Personally, mine mainly occurs when I feel the (actual or perceived) threat of abandonment, though it has taken decades of time, much self-analysis and awareness, coupled with much therapy to have identified that for myself.

Notice the little red character? We associate red with anger – red hot with anger, or the red mist descends. Red is associated with heat. When we are angry our temperature rises, we sweat and go red in the face. Anger isn’t always the ‘red mist’ descending. I’ve had my fair share of that – hysterical screaming and shouting, not able to recall what I said or did, how I arrived somewhere, verbally abusive to loved ones, injured (such as when I had tried to scale a wall), driving erratically or driven to self-harm. No, it can be much less obvious than that. Like me, it could be internalised. It can lead to things like self-loathing, depression, suicidal feelings, despair and physical symptoms such as fatigue, palpitations, chest pains, indigestion, nausea and headaches to name a few. Personally, I have a mixed bag of externalised and internalised anger. I’m not sure anger, or any other emotion is ever a clear, straight line.
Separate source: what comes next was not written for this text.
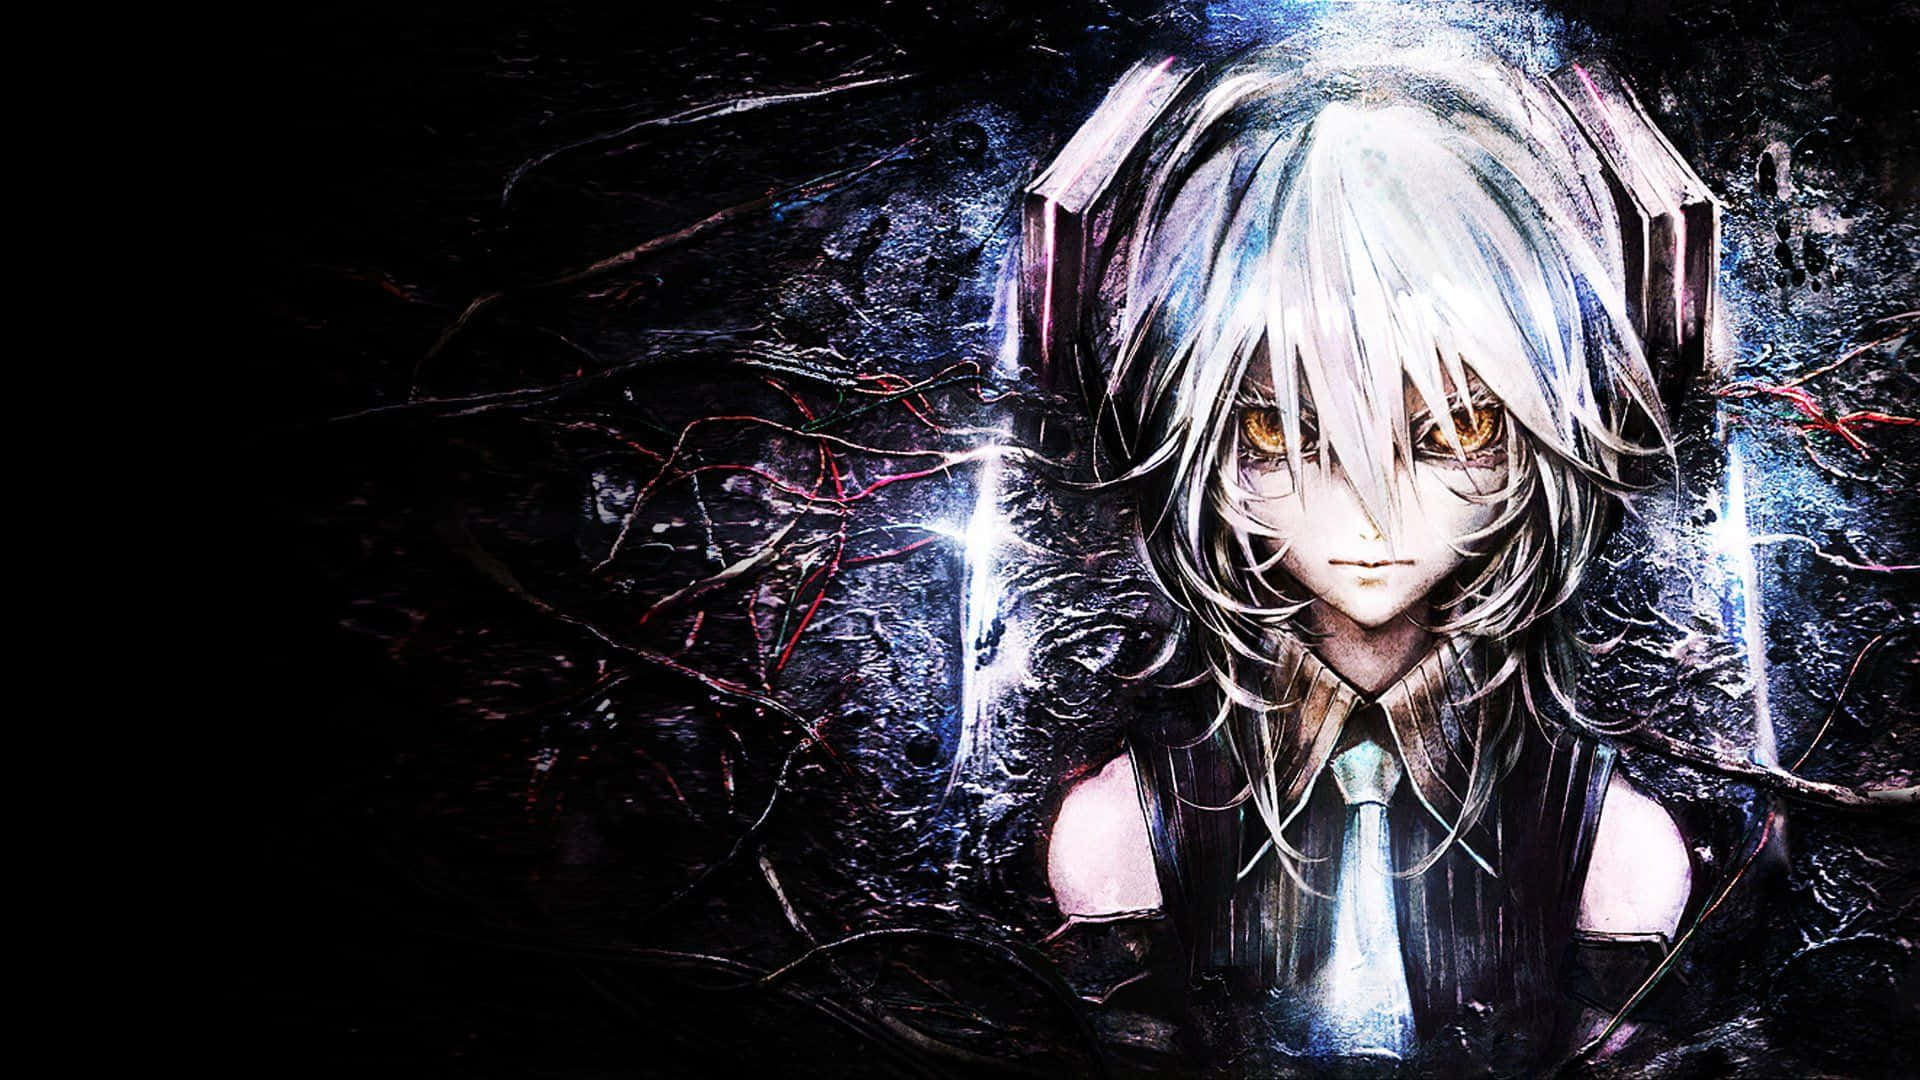 Discover A New World Of Anime Characters With This Stunning Hd Wallpaper! Wallpaper

Back to the pressure cooker for a moment, one of the solutions was complete removal of heat to remove the pressure. When relating this to anger, for me it hasn’t been possible to remove all heat. My personality, my issues, my emotions, my circumstances, my experiences and the environment we live in, all mean that my pressure will build. The question is then, if I cannot remove the heat and pressure, how can I dial it down? How can I channel them? What safety valves can I utilise? What is realistic?

I mentioned DBT, which stands for Dialectical Behavioural Therapy and is a Cognitive Behavioural Therapy (CBT) based therapy. I was referred to it from the Affective Disorders team. It helped me identify emotions, learn the functions of them and gave me skills to cope with them. One of these skill sets uses the acronym ‘TIPP’ – Tip the temperature, Intense Exercise, Paced Breathing, Paired Muscle Relaxation. When I feel angry, I feel hot, so let’s look at Tip the temperature – I put my face in a bowl of cold water or grasp an ice cube tight in my hands, or (my preference) rub the ice cube on the back of my neck. Technically speaking, it triggers the ‘dive response’, which causes a decrease in temperature. Literally, I go and ‘cool off’. The breathing really helps too, the more I practice, the quicker I ‘come down from the ceiling’.

I don’t have just one safety valve, as it’s too much pressure on one sole outlet, and if it fails the results are catastrophic. I have various smaller valves which form an early warning system. The hope is if I listen to them, I avoid the lid blowing off.